Wade Sobkowich, executive director of the Western Grain Elevator Association (WGEA), says that this is an incredibly difficult situation, but it hasn’t been created by producers, grain handlers, or crop protection companies — the government’s own regulatory body and bureaucratic timelines are to blame.
Sobkowich says that the PMRA decision to allow lambda-cy to be used on crops intended for food but not feed creates an “untenable” situation for farmers. “We don’t see how a farmer could possibly know [at the time of spraying] how their quality is going to come out at the end of the year,” he says.
As it stands, producers delivering to an WGEA elevator must sign a declaration are required to declare that their deliveries have been treated with crop protection products and active ingredients registered for Canada in accordance with the label directions. But, this is where the difficulty come in — the farmer is required to follow the label, but how can they possibly follow the label when they don’t necessarily know where the product is going? Even if the crop is sold as food, does the farmer know that all byproducts will be used as food, too? (more below the audio)
There’s also the issue of different regulations in the U.S. The U.S. reviewed lambda-cy and came to a different decision than PMRA, allowing the label to remain for food and feed use. The difference calls in to question how American feed grains will be assessed at the border — is it going to be enforced by the Canadian Food Inspection Agency in some way?
“Does that mean now somehow there’s going to be testing of that grain as it enters. enters the livestock sector here in Canada, or, or are they not testing? And therefore, what’s the enforceability on that?” he asks. “The other question is, what kind of a playing field does it create or unlevel playing field does it create between Canadian producers and U.S. producers when on each side of the border [as] they will be following different labels and coming up with different market opportunities.”
Sobokowich says that PMRA should be ramping up the timelines to to to relook at new data that’s available, which was included by the U.S. in its evaluation, so that farmers have the information that they need in order to make purchasing decisions coming into the spring.

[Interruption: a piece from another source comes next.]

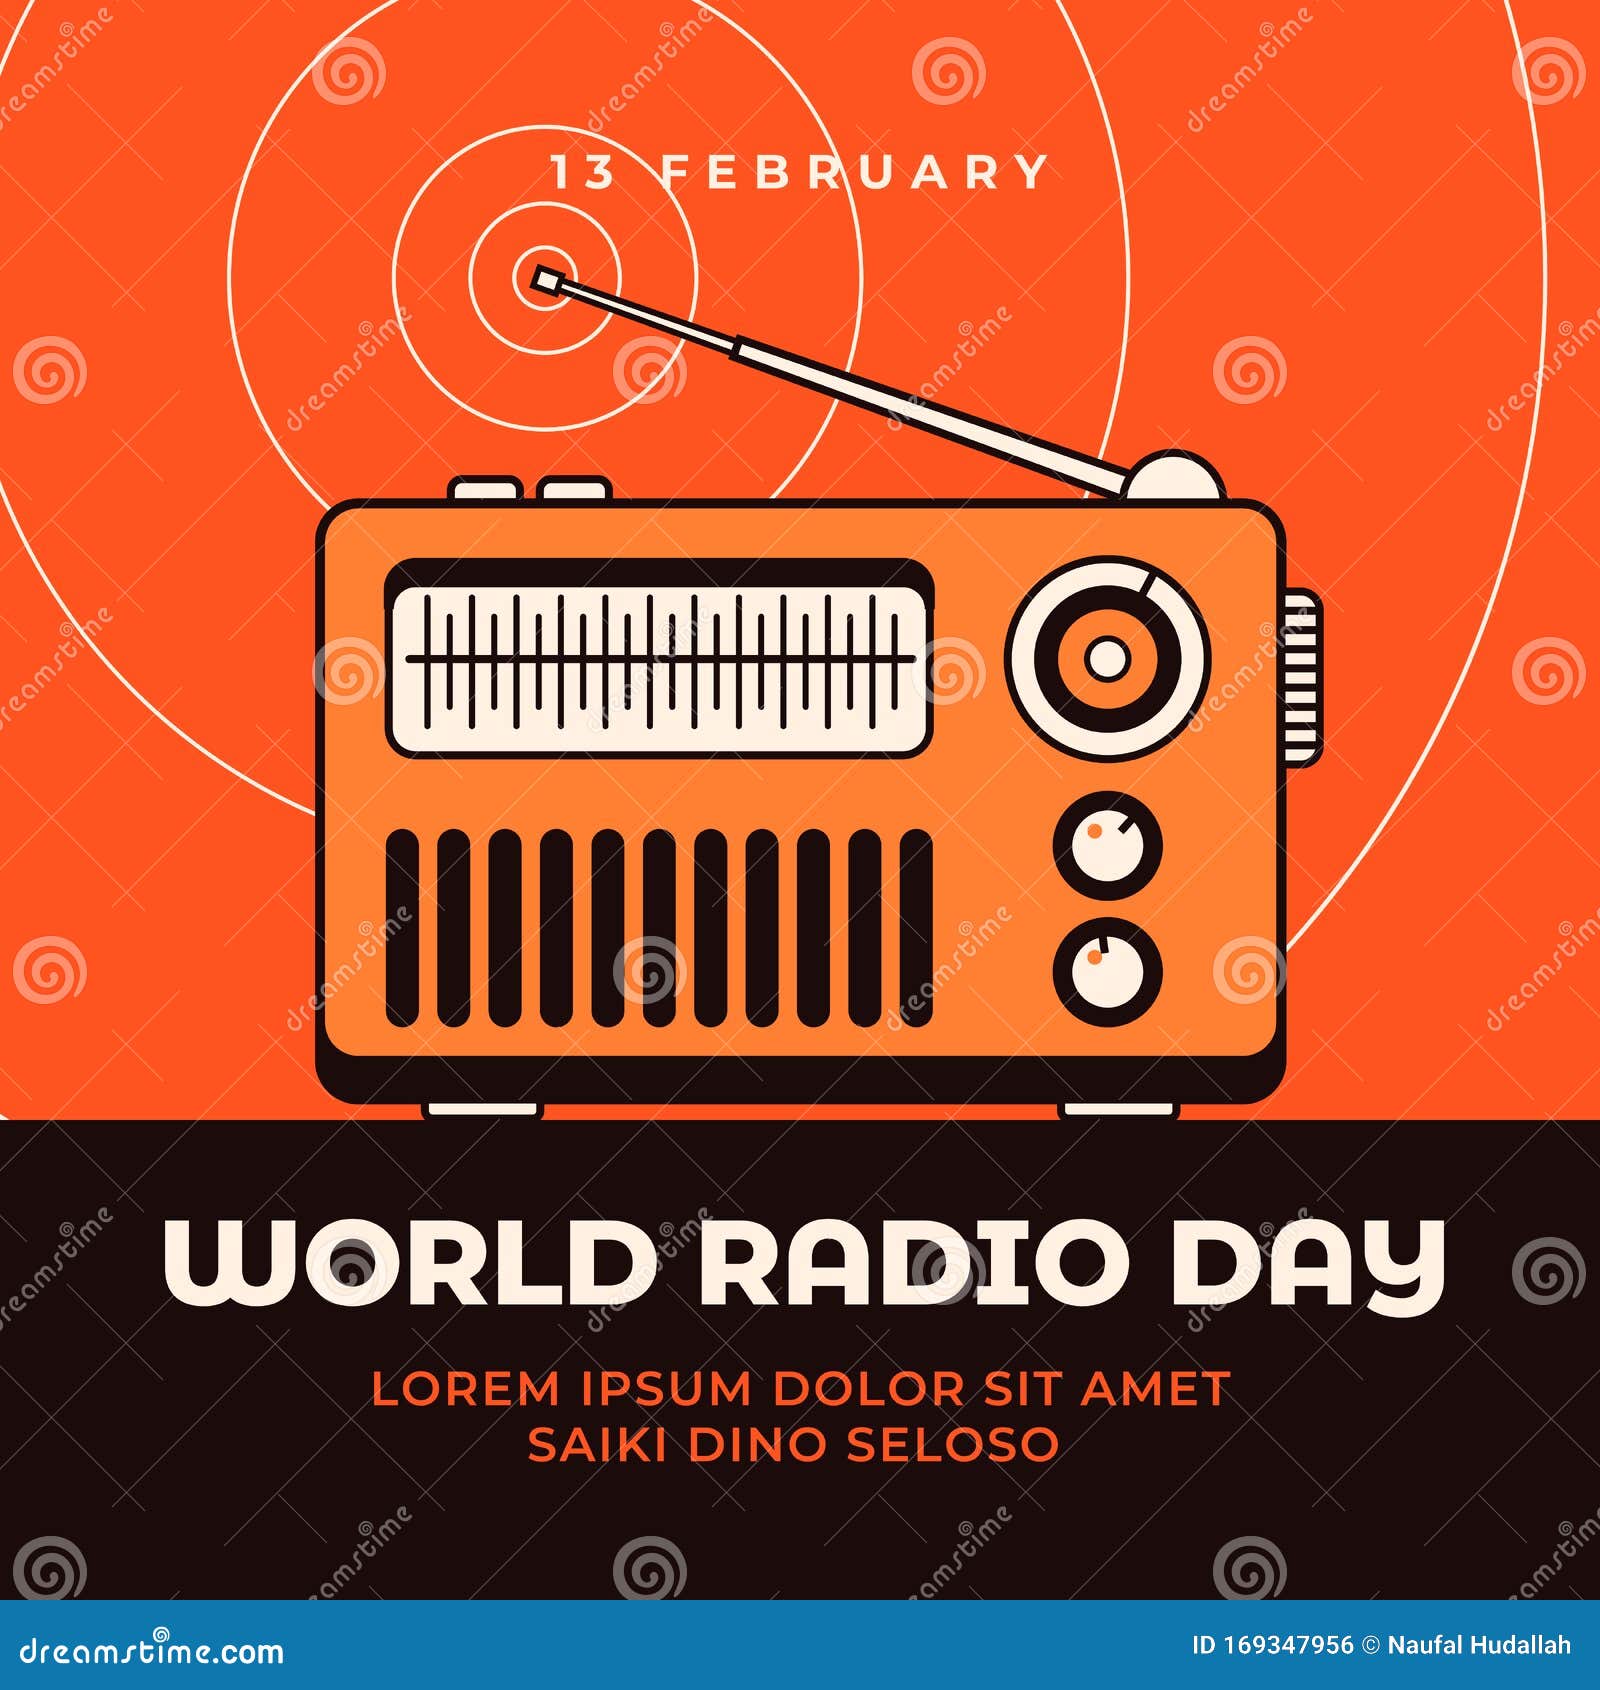 World Radio Day Vintage Retro Poster Background Design Vector Illustration  Stock Illustration - Illustration of night, sound: 169347956

The vast majority of farmers are law-abiding, says Sobkowich, and if farmers understand that a portion of what they’re growing at least either all or a portion of it is going for feed use, then they would have to make some hard decisions about whether to apply the product or not. That said, he understands that when farmers are faced with pest pressure, that’s the immediate problem that needs dealt with.
“We can understand why they would make that decision [to use lambda-cy], [but] they would be doing so with the knowledge that they could be limiting their marketing opportunities for for what they’re growing,” he says.